- _SUPPLIED DATA_

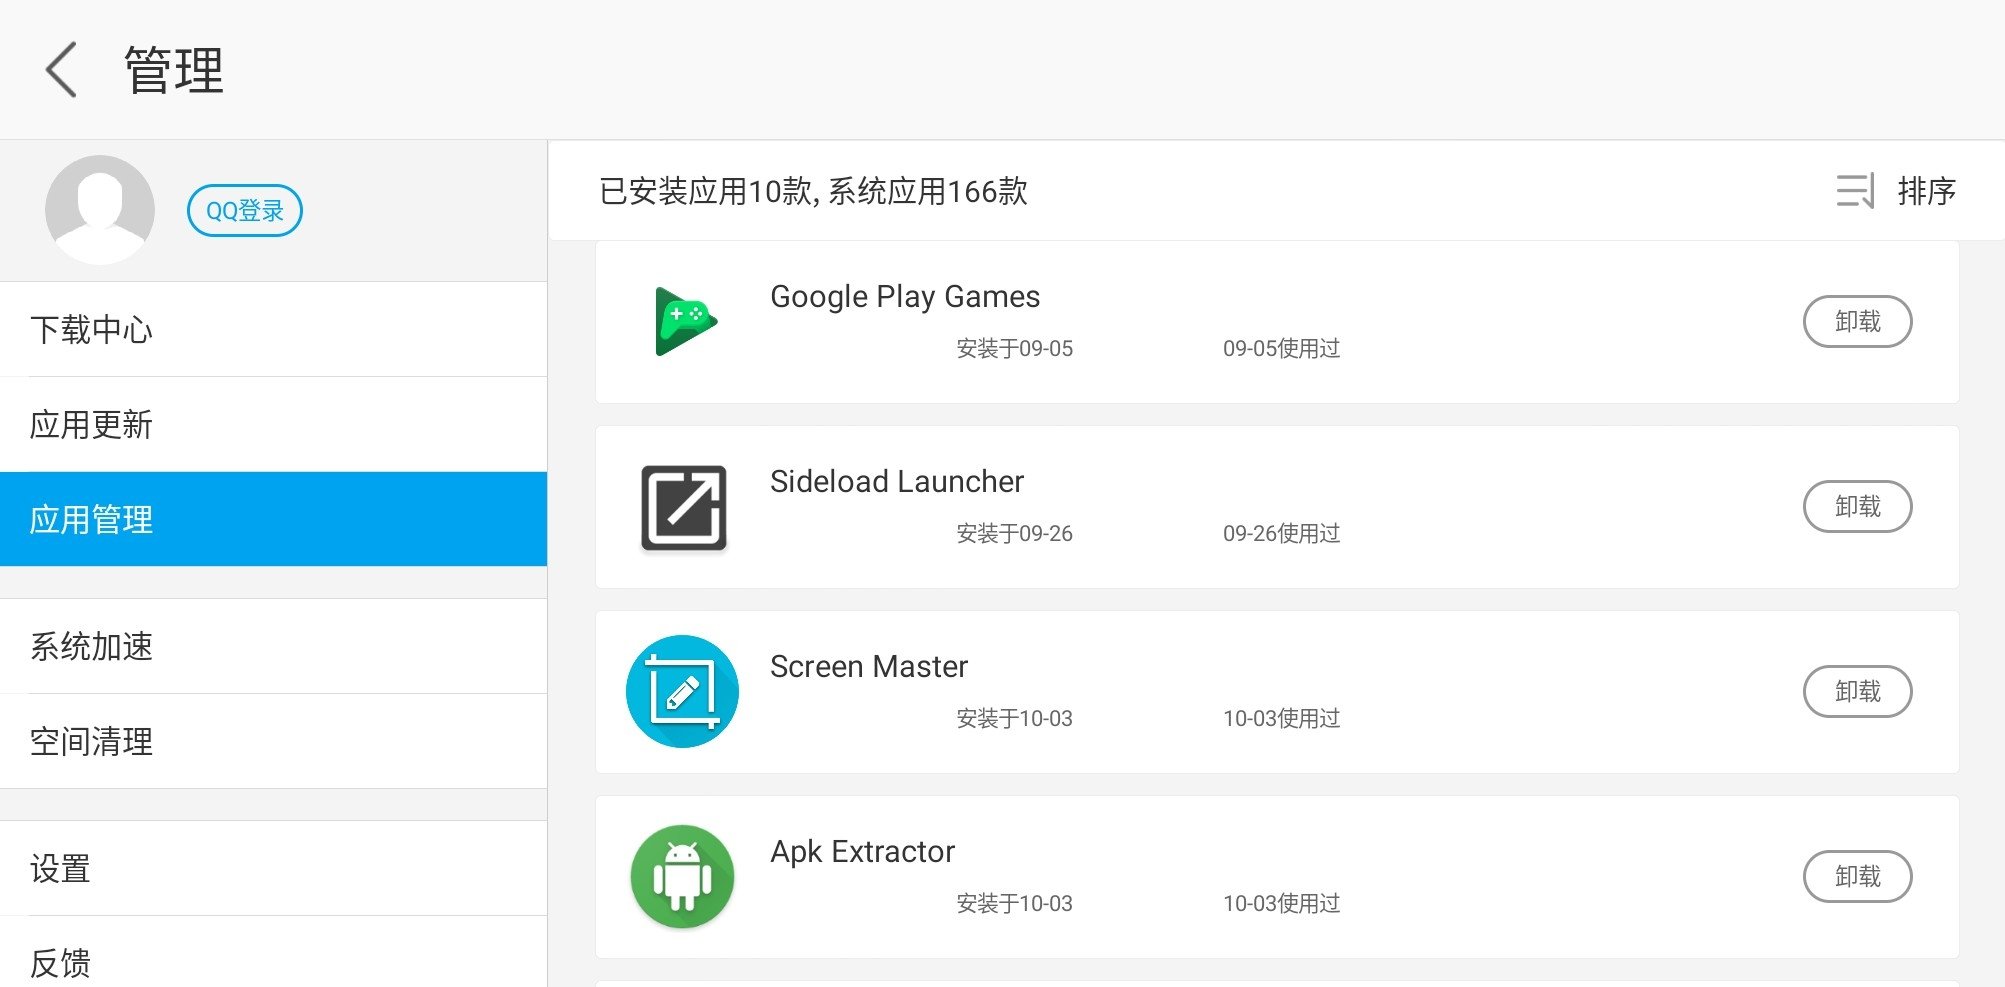 Tải xuống ứng dụng Tencent My App APK: Tận hưởng trọn vẹn trải nghiệm của ứng dụng Tencent My App, chỉ với một cú nhấp chuột tải xuống phiên bản APK miễn phí. Hãy tải ngay và khám phá thế giới ứng dụng miễn phí đầy đủ tính năng tiện ích của chúng tôi.
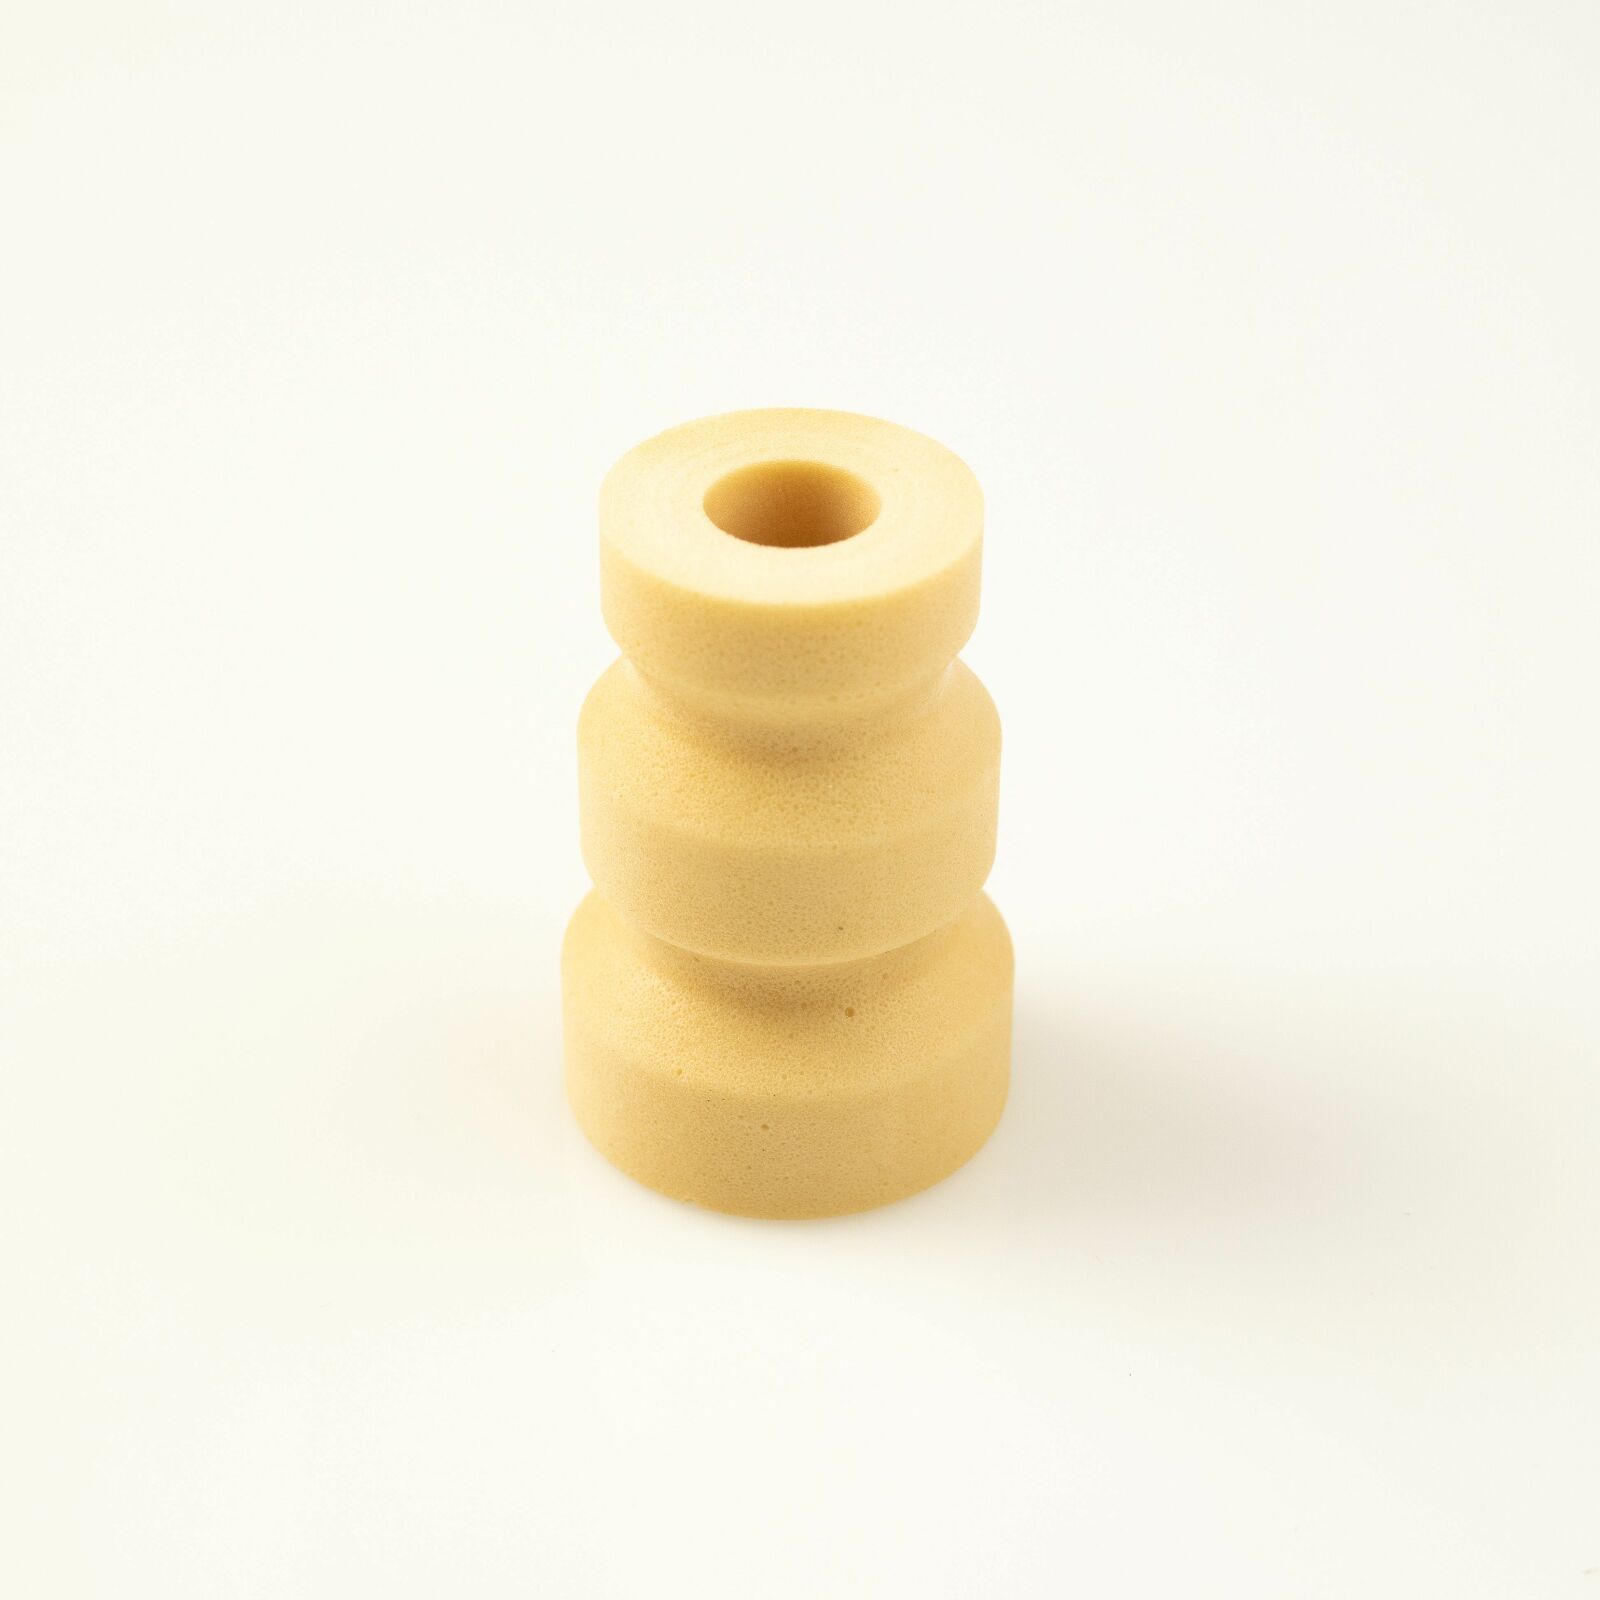 Obrázek produktu RCU bump rubber KYB 120341209001 12mm
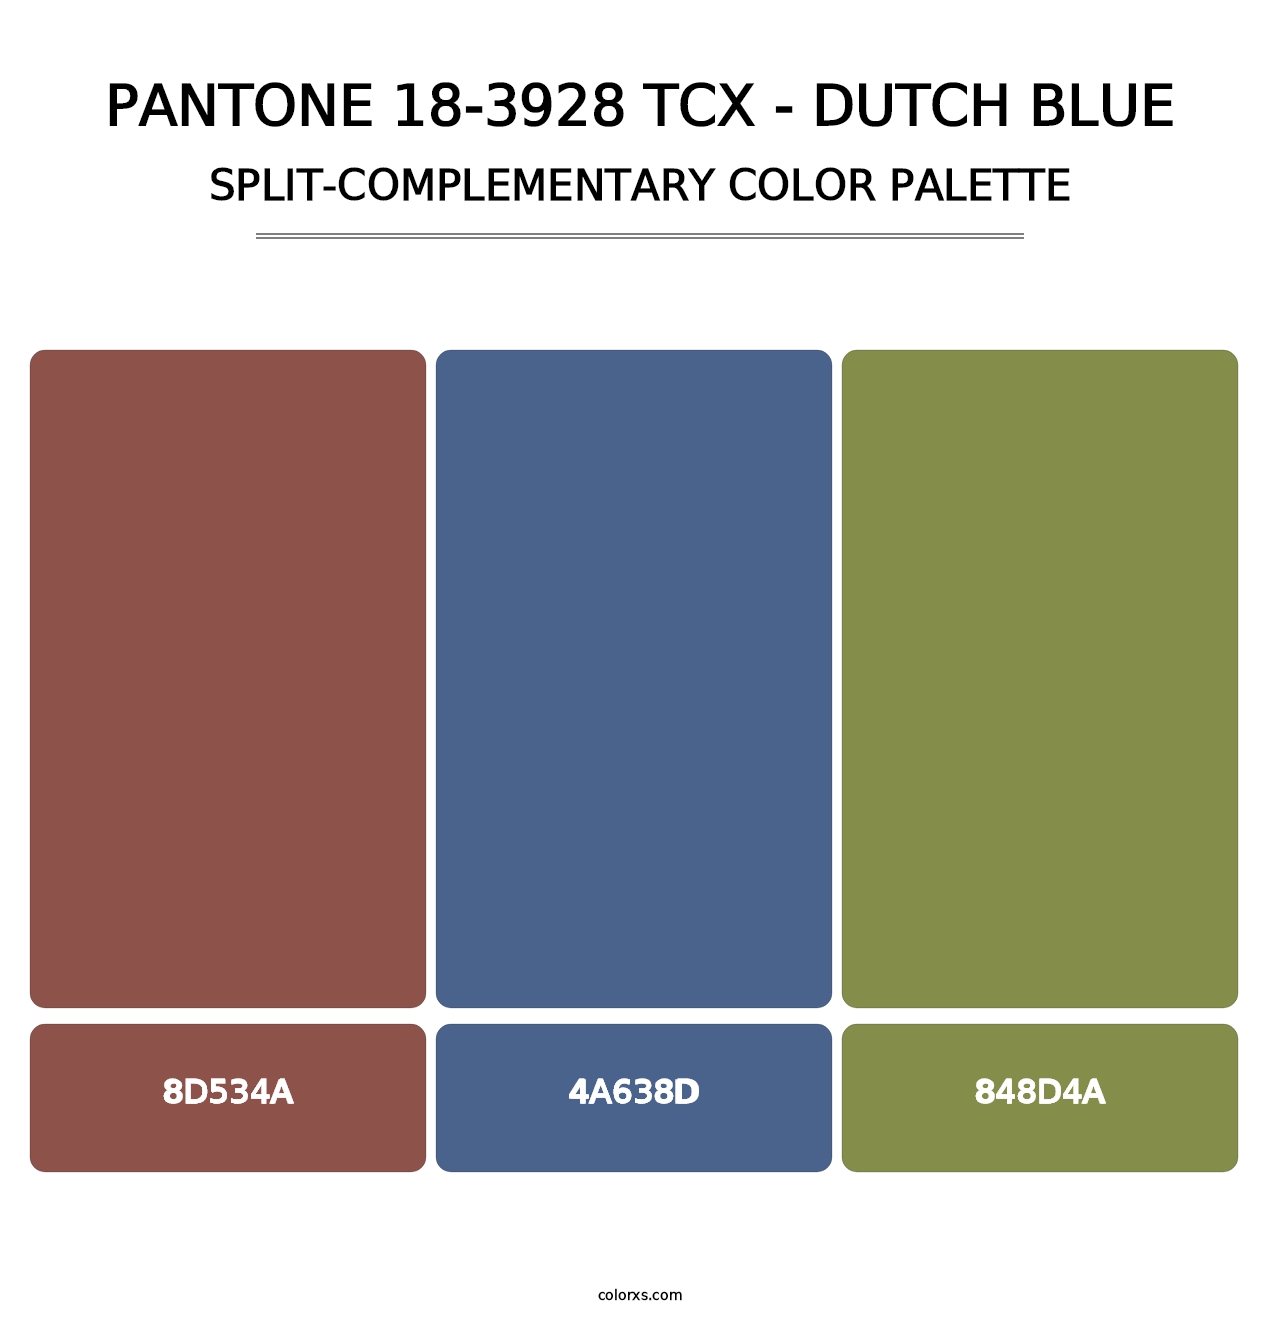 PANTONE 18-3928 TCX - Dutch Blue - Split-Complementary Color Palette

- _EXERCISE_
Return the complete data unchanged and include none of the pictures.

- _RESULT OF THE TASK_
 Tải xuống ứng dụng Tencent My App APK: Tận hưởng trọn vẹn trải nghiệm của ứng dụng Tencent My App, chỉ với một cú nhấp chuột tải xuống phiên bản APK miễn phí. Hãy tải ngay và khám phá thế giới ứng dụng miễn phí đầy đủ tính năng tiện ích của chúng tôi.
 Obrázek produktu RCU bump rubber KYB 120341209001 12mm
 PANTONE 18-3928 TCX - Dutch Blue - Split-Complementary Color Palette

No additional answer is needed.